Why do we want to teach science?

In previous blogs that I have written for Education Matters, I have emphasized the economic importance now given to science. In Ireland, this is revealed by the investment made in attracting science and tech companies. For these companies and research institutions, science graduates are a requisite. As such, attracting students to science and science careers is a key objective for government institutions.
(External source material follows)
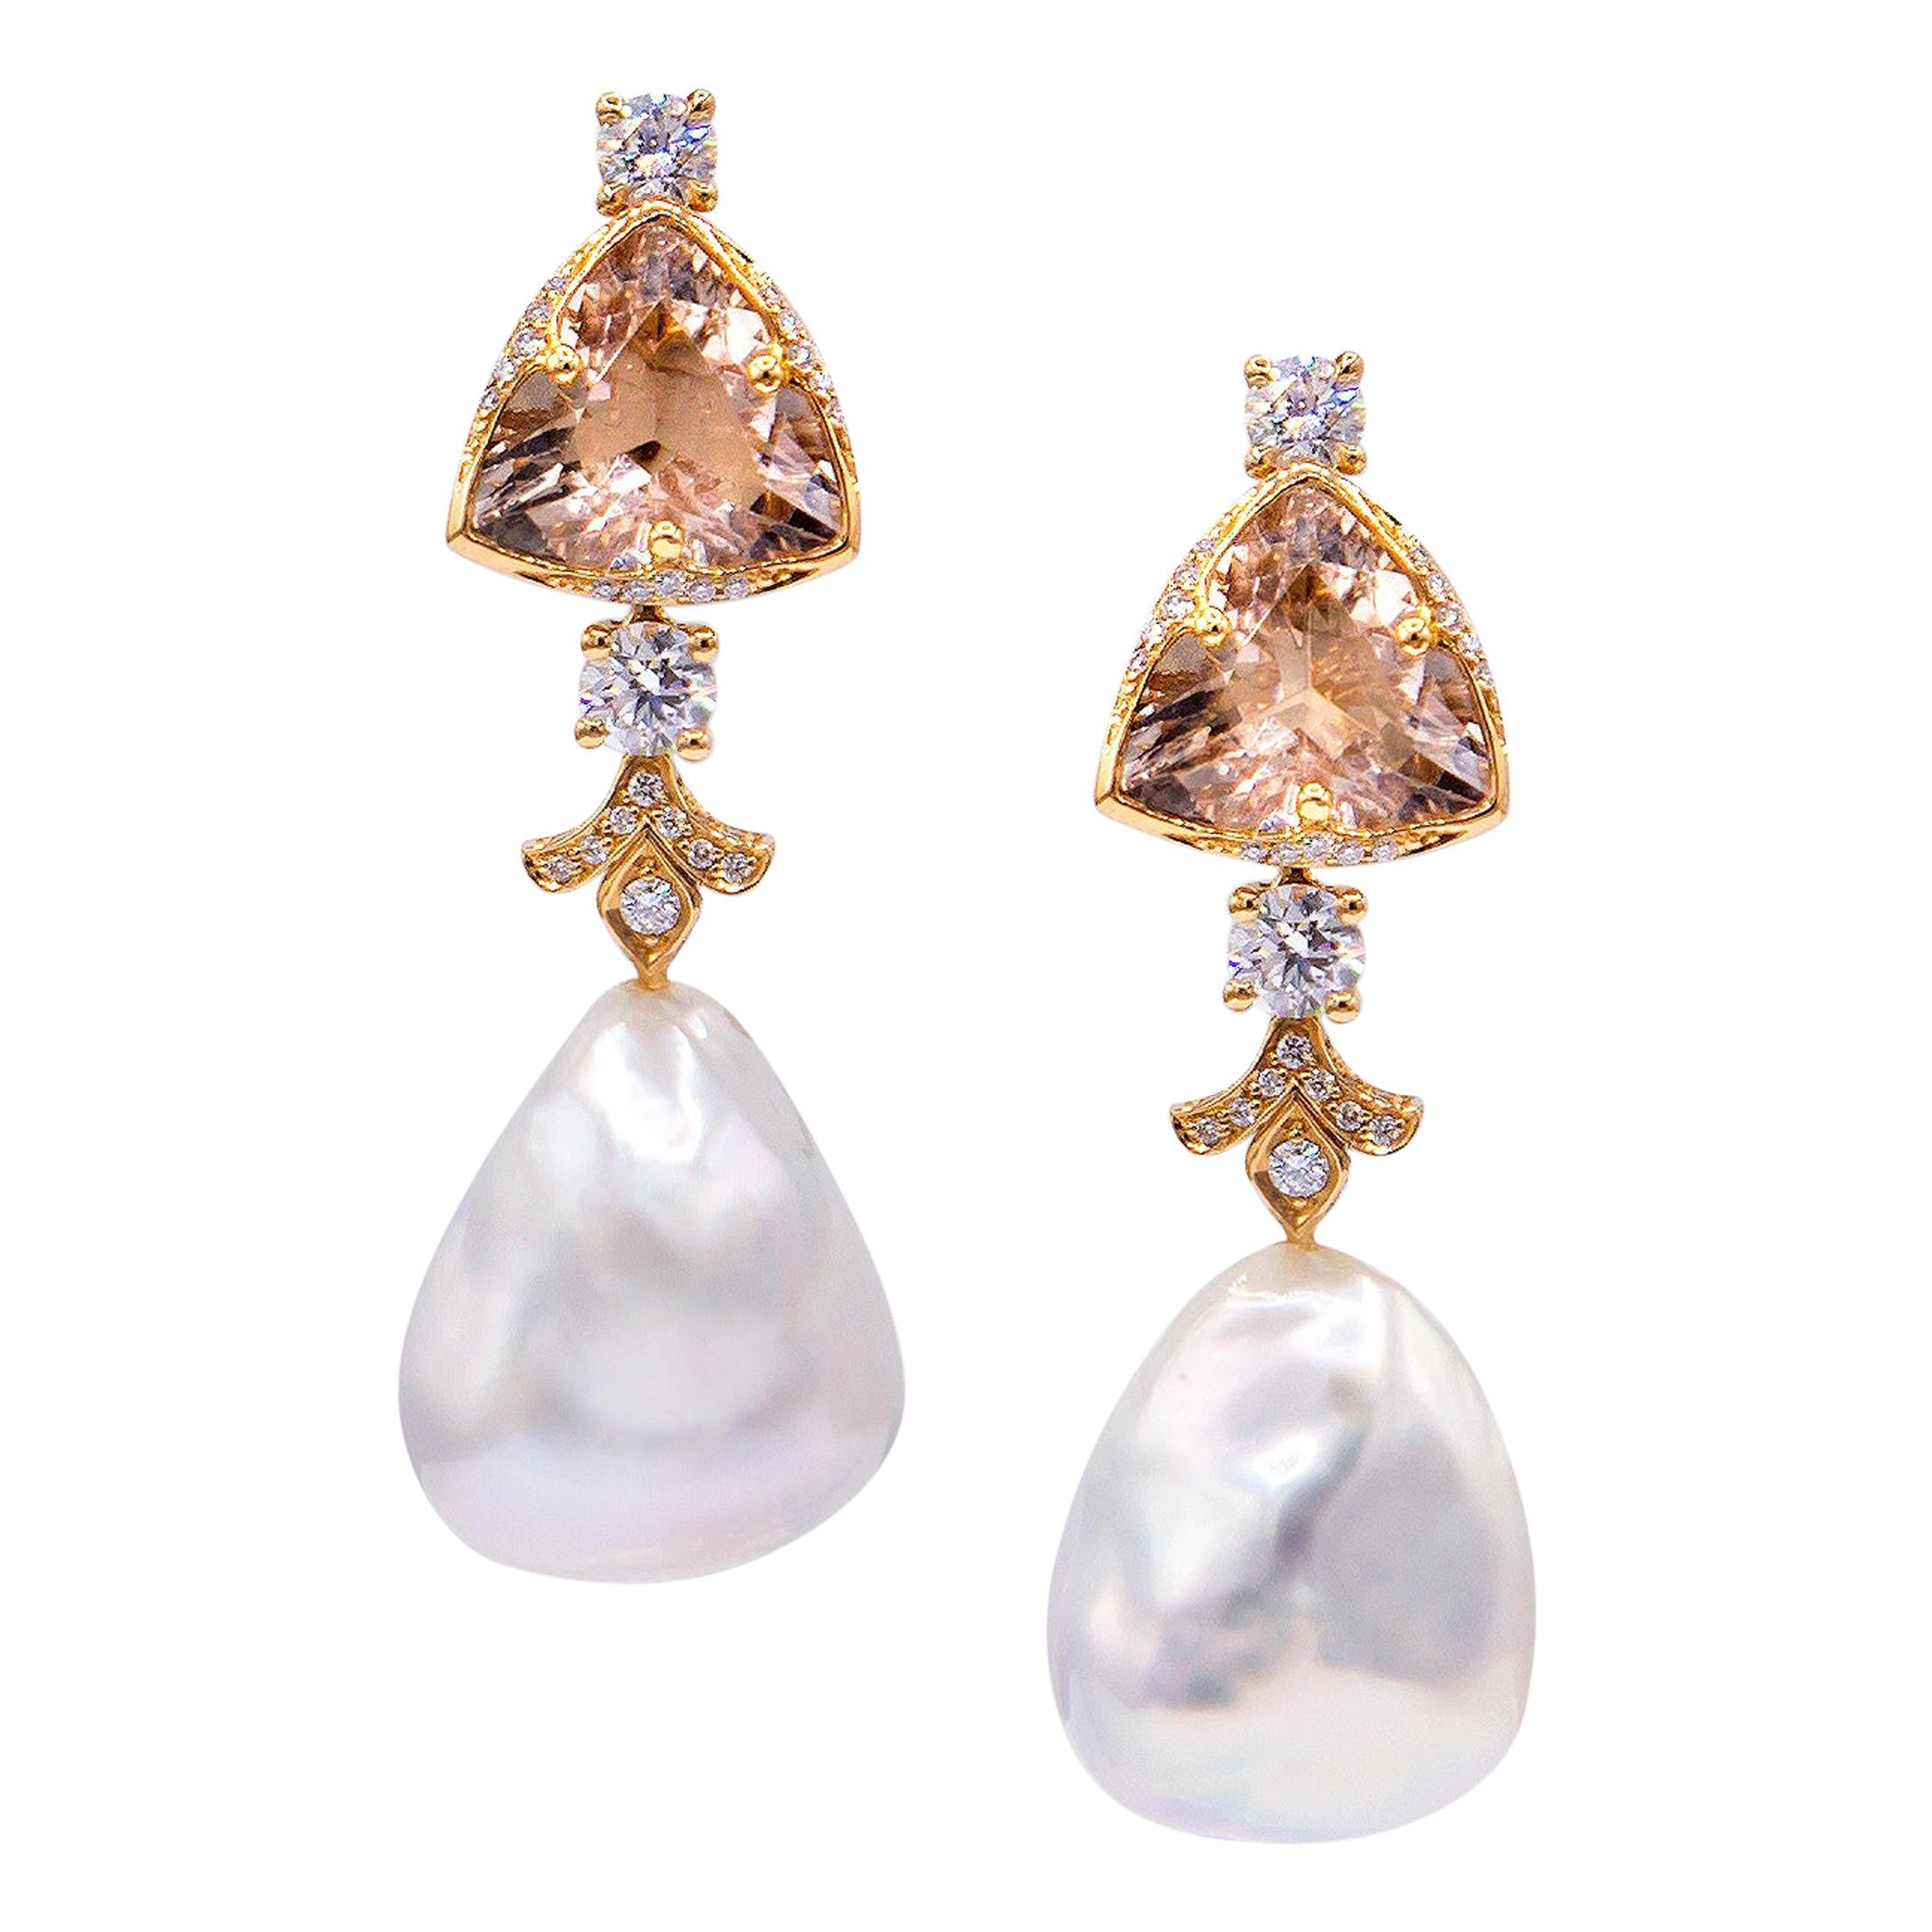 Boucles d'oreilles en or rose 18 carats, diamants, morganites et perles
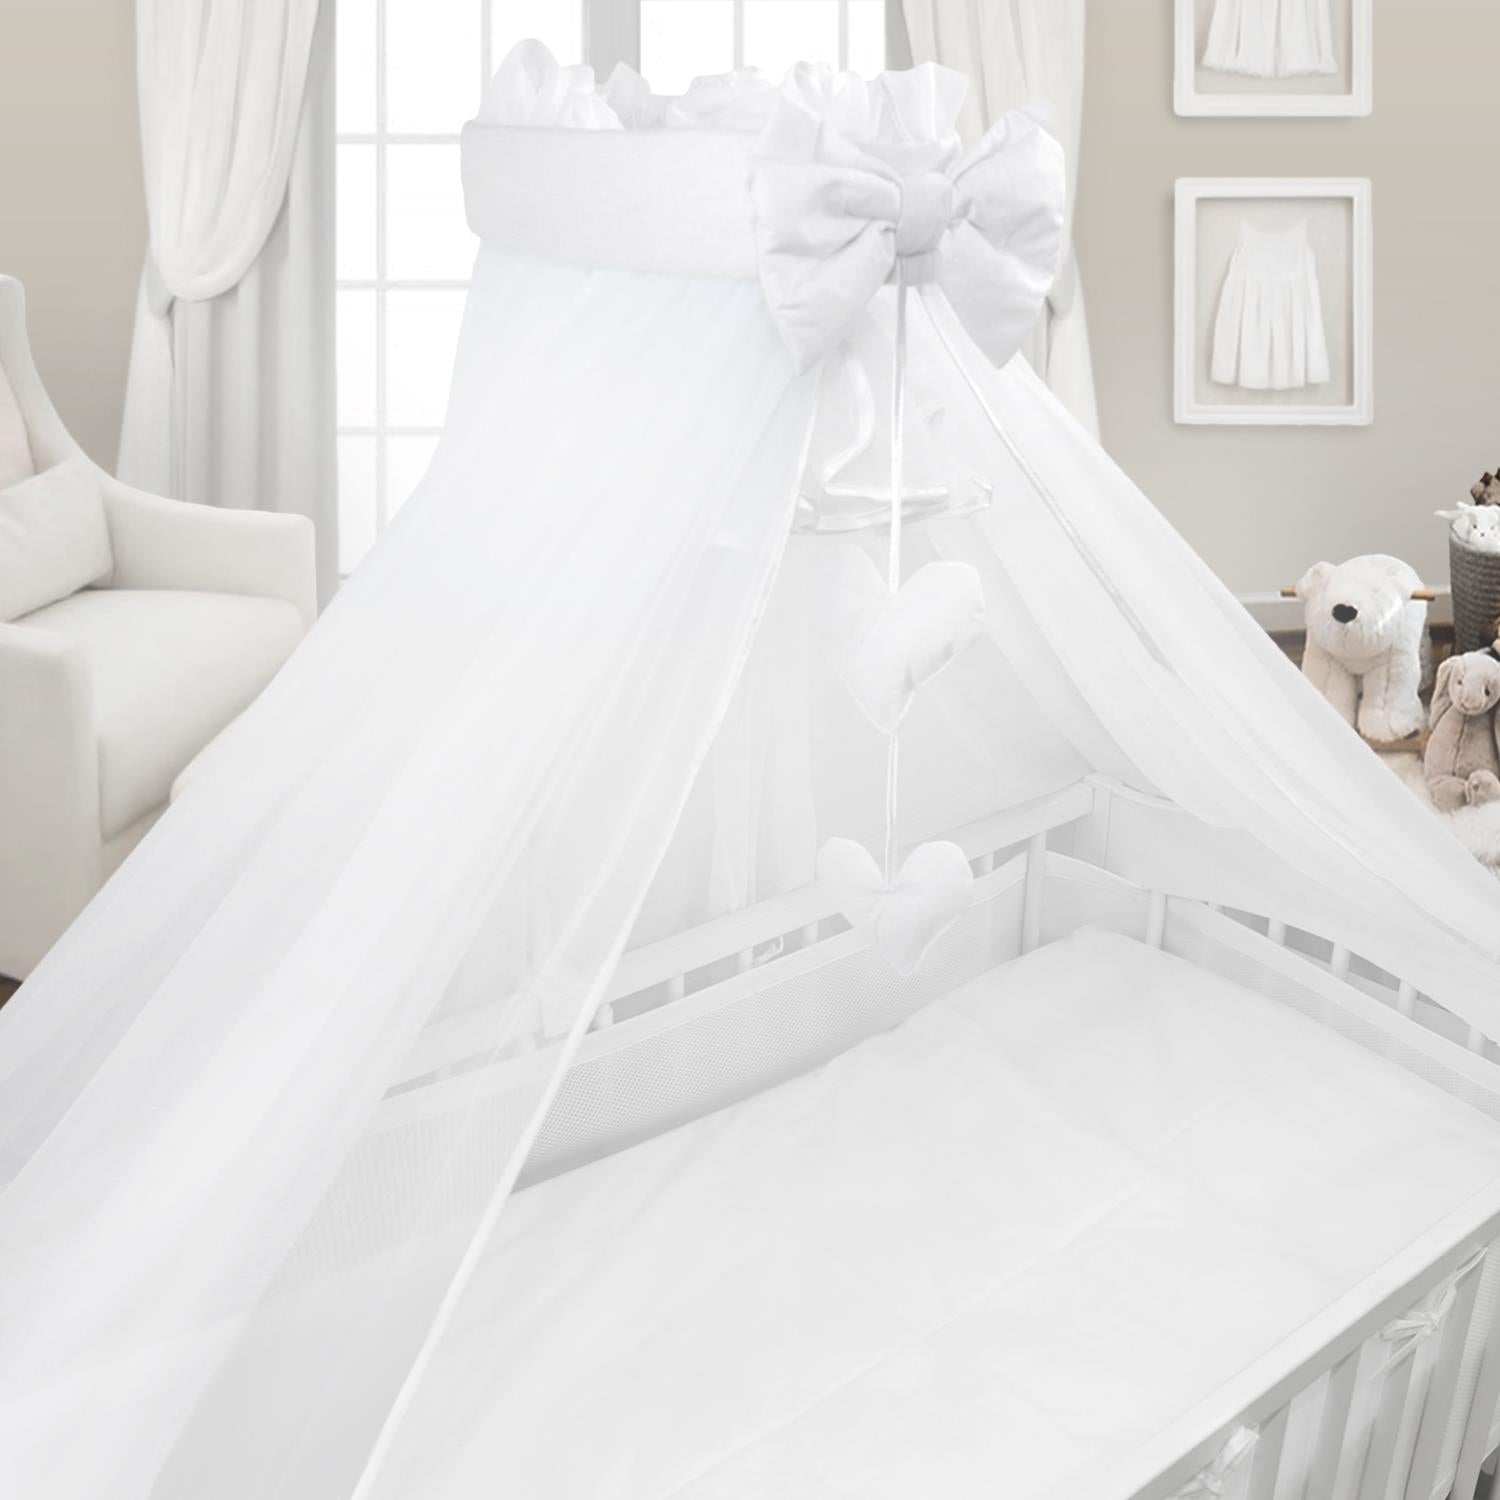 Baby Cot Bedding Set 9pc Fit Cot 120x60cm White

Science Foundation Ireland (SFI), for instance, has come up with the strategy SFI (Smart Futures 2014-2017). Its objective is to increase the uptake of science in second and third level by 10%. According to this strategy, SFI is going to organize visits by volunteer research staff to schools in order to showcase their research, discuss more general science issues, and promote careers in science.

This is not new; several countries in several different periods of time have called for an uptake of science by students, showing concern for the low numbers, going as far back as to the 1950’s. What is interesting is that these situations tend to repeat themselves and things seem to roughly follow the same pattern. The remedy has been long prescribed in the science education literature: change the way science is taught at the primary and post-primary level. A central issue of these calls for reform was and still is:

How can school both prepare some students to go on to careers in science and technology and prepare all students to be responsible, scientifically literate citizens?

This question brings to the fore the goals of science education. Why do we want to teach science, and what type of science do we want to teach to primary and post-primary level students? Four different arguments can be found in the literature for science education: democratic, utilitarian, economic and cultural.

The four arguments have different objectives, are based in different schools of thought regarding science and science education, and are sometimes seen as incompatible.

In the next few blogs I’ll be discussing these four different arguments for science education.